New Book: ‘The Last Children of Mill Creek’ by Vivian Gibson
Mill Creek, a vibrant African-American neighborhood, destroyed by Urban Renewal, is one of my favorite St. Louis subjects. So when the publisher contacted me for a review copy of ‘The Last Children of Mill Creek’ I quickly said yes.
A true story of growing up in segregated St. Louis, The Last Children of Mill Creek is the debut memoir by a talented writer finding her authentic voice later in life.
Vivian Gibson is a native St. Louisian who grew up in Mill Creek Valley, a neighborhood of St. Louis razed in 1959 to build a highway. Her family, friends, church community, and neighbors were all displaced by this act of “urban renewal.” In this moving memoir, Gibson recreates the everyday lived experiences of her large family, including her seven siblings, her crafty college-educated mother, who moved to St. Louis as part of the Great Migration, and her at-times forbidding father, who worked two jobs to keep them all warm and fed. With an eye for telling detail, she sketches scenes populated by her friends, shop owners, teachers, and others who made Mill Creek into a warm, tight-knit, African-American community, and reflects upon what it means that Mill Creek was destroyed in the name of racism disguised as “progress.”
The Last Children of Mill Creek is a moving memoir of family life at a time very different from the modern-day, when many working-class African-American families did not have indoor plumbing and when sundown laws were still in effect—and a document of an era that is now often forgotten or denied. In Gibson’s words, “This memoir is about survival, as told from the viewpoint of a watchful young girl —a collection of decidedly universal stories that chronicle the extraordinary lives of ordinary people.” (Belt Publishing)
A family memoir isn’t the usual type of book I’d look at on this blog. It only has one photo, a family photo of a mom reading to kids. No photos of buildings, no maps or charts. Gibson does mention their neighborhood being vacated and razed, but only to provide context.
I’m very glad I didn’t turn it down.
I usually just scan books, but this book I read cover to cover. Yes, it’s a short book — but it still took me a week (post-stroke reading is a challenge for me). Gibson does a wonderful job of introducing the reader to her family and their home that was at 2649 Bernard Street. In doing so she also describes the Mill Creek neighborhood.
Gibson lived with her parents and seven siblings in a 3-room cold-water flat, her paternal grandmother lived alone in the upstairs flat. Yes, a family of 10 lived in just three rooms. Well, her brothers stayed in the basement. Their flat was basically beds and a kitchen. A single light bulb per room. And rats.

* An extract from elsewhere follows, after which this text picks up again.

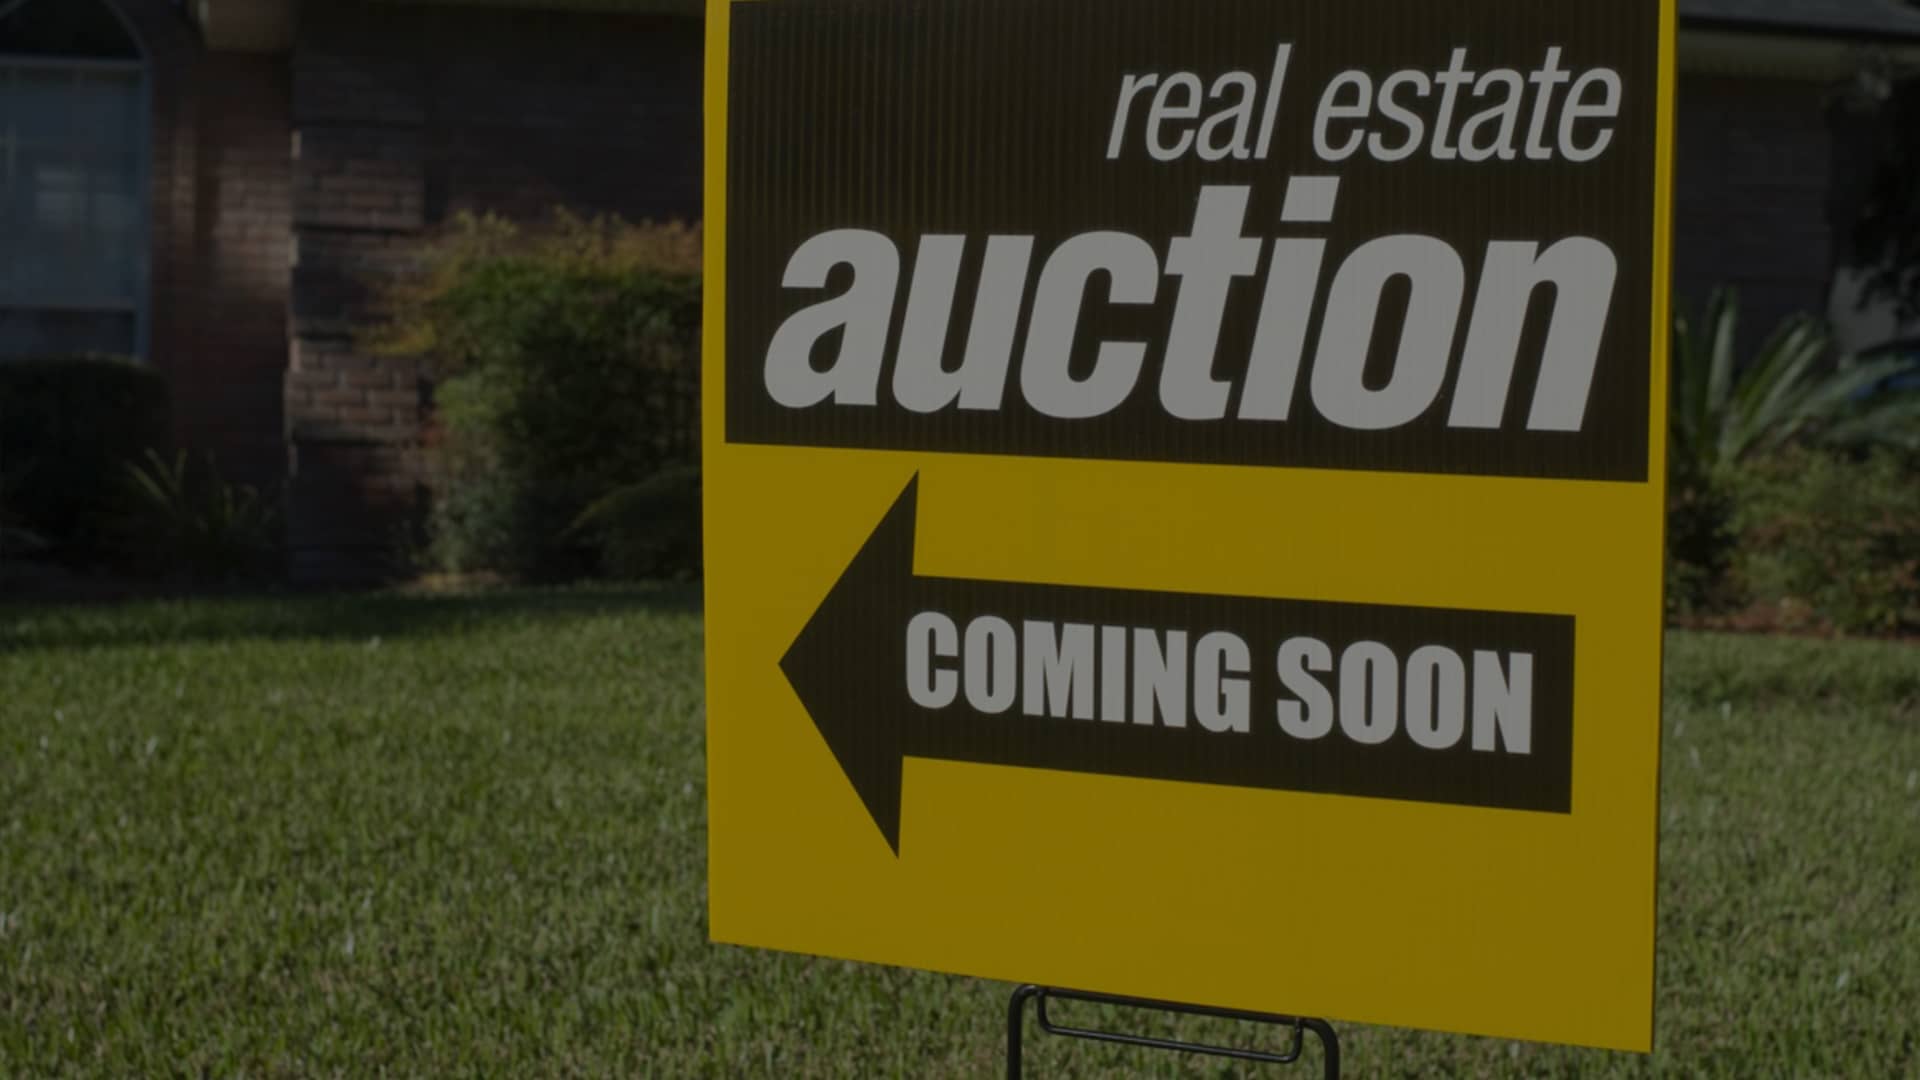 Real estate auction yard signage

With overcrowding into flats lacking hot water, but with plenty of rats, Mill Creek was a slum, right? No, Gibson’s descriptions of her street, neighborhoods, businesses, churches, schools, etc. is of a wonderful tight-knit neighborhood.
Once the current pandemic is over I want to meet Gibson to ask her more about the buildings, blocks, and businesses. In the meantime I’m going to start reading the book again, taking note of the many details she does give. I’d like to see another book — or a film — about the neighborhood.

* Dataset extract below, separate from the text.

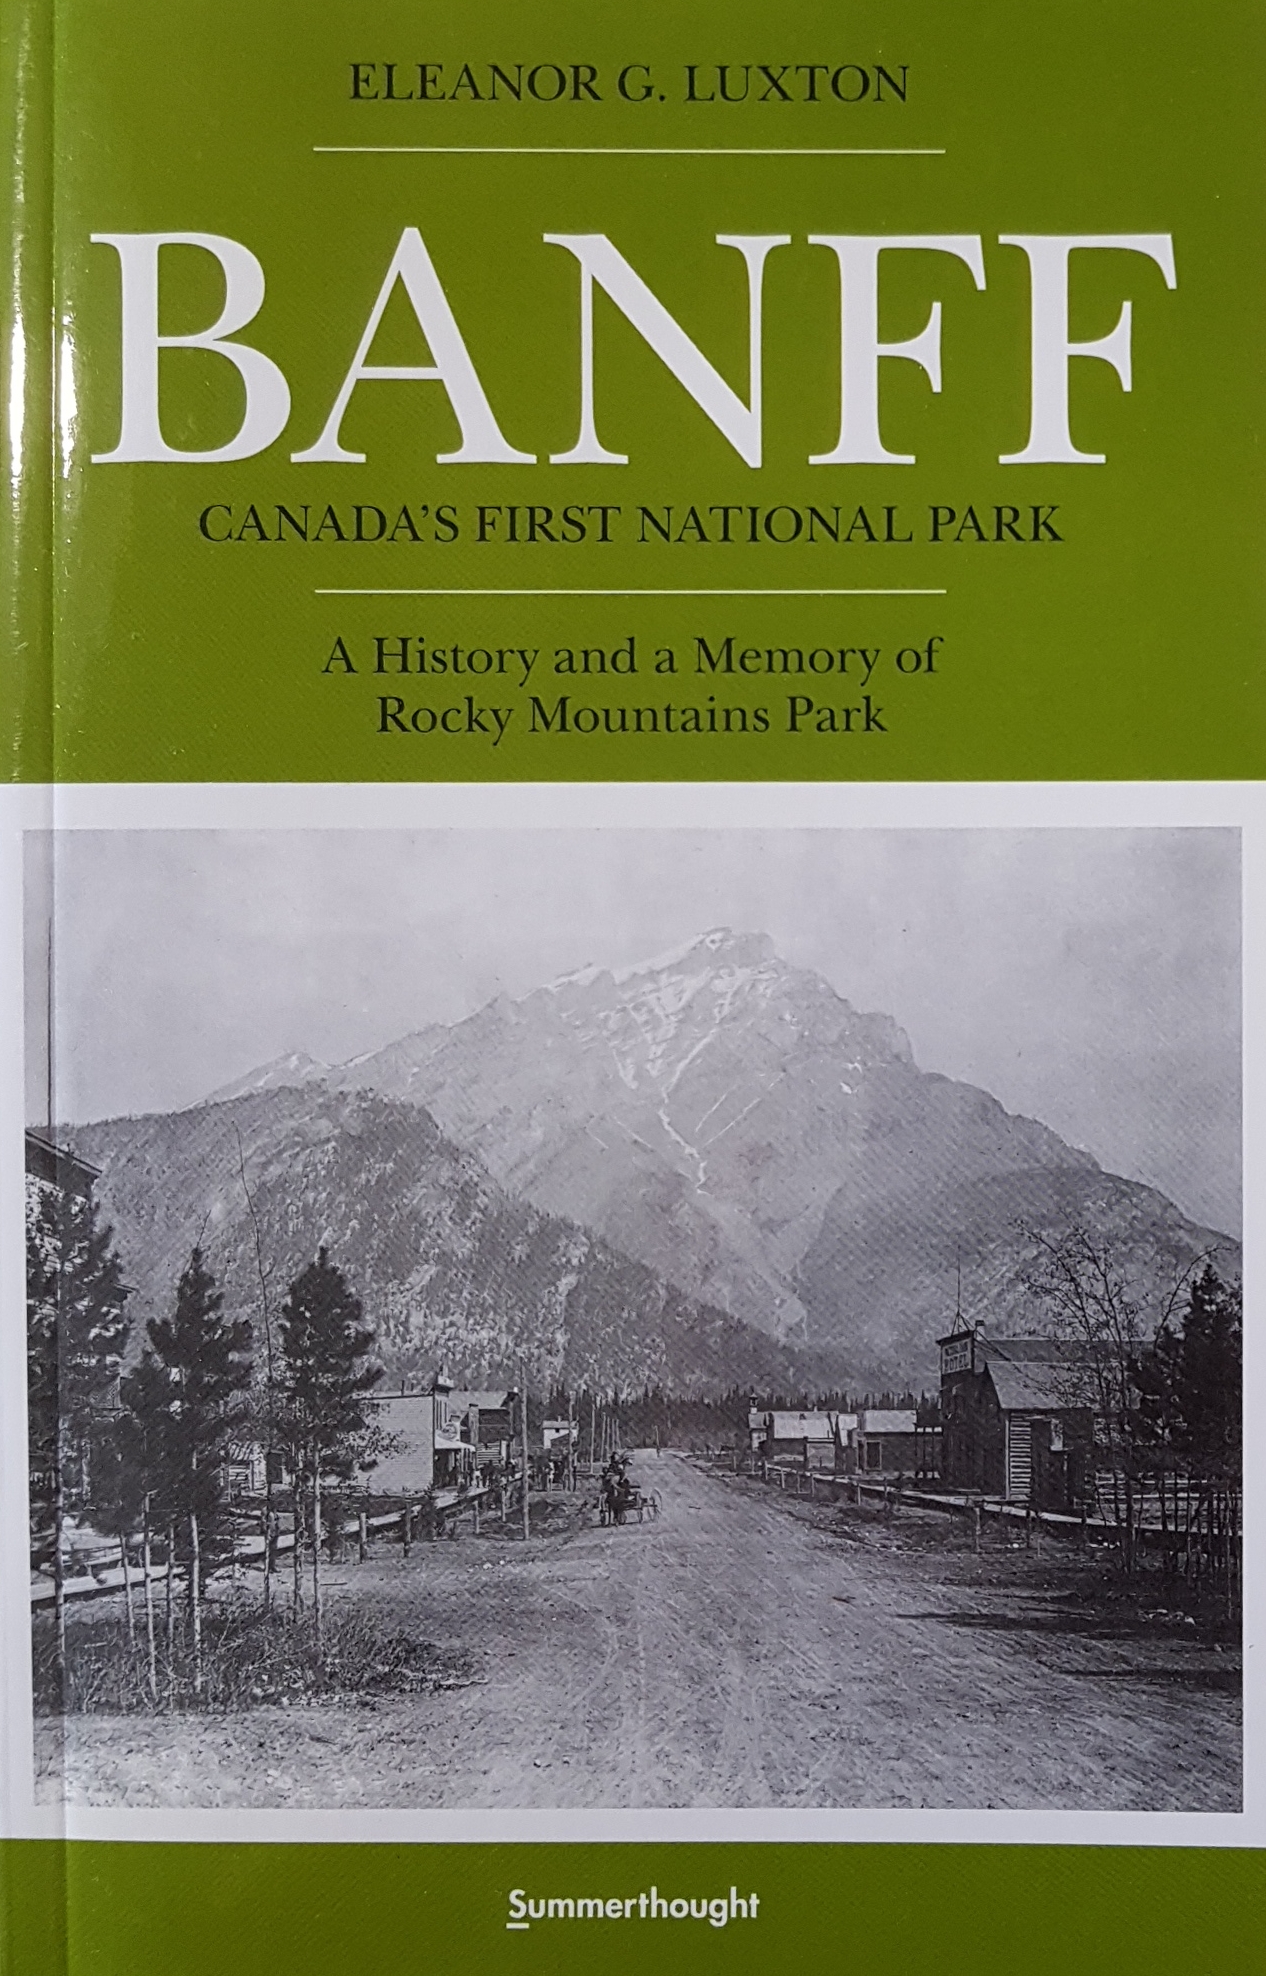 ELHF Book Banff

Many of you likely saw The Pruitt-Igoe Myth, about the failed high rise public housing project. I think someone needs to do a film/documentary about life in neighborhoods a generation before they were razed. Mill Creek is a good place to start.
Gibson’s book beautifully describes life growing up in Mill Creek, it saddens me it was physically erased. I can’t recommend this book enough, very enjoyable. I’ve spent many more hours thinking about it than reading it.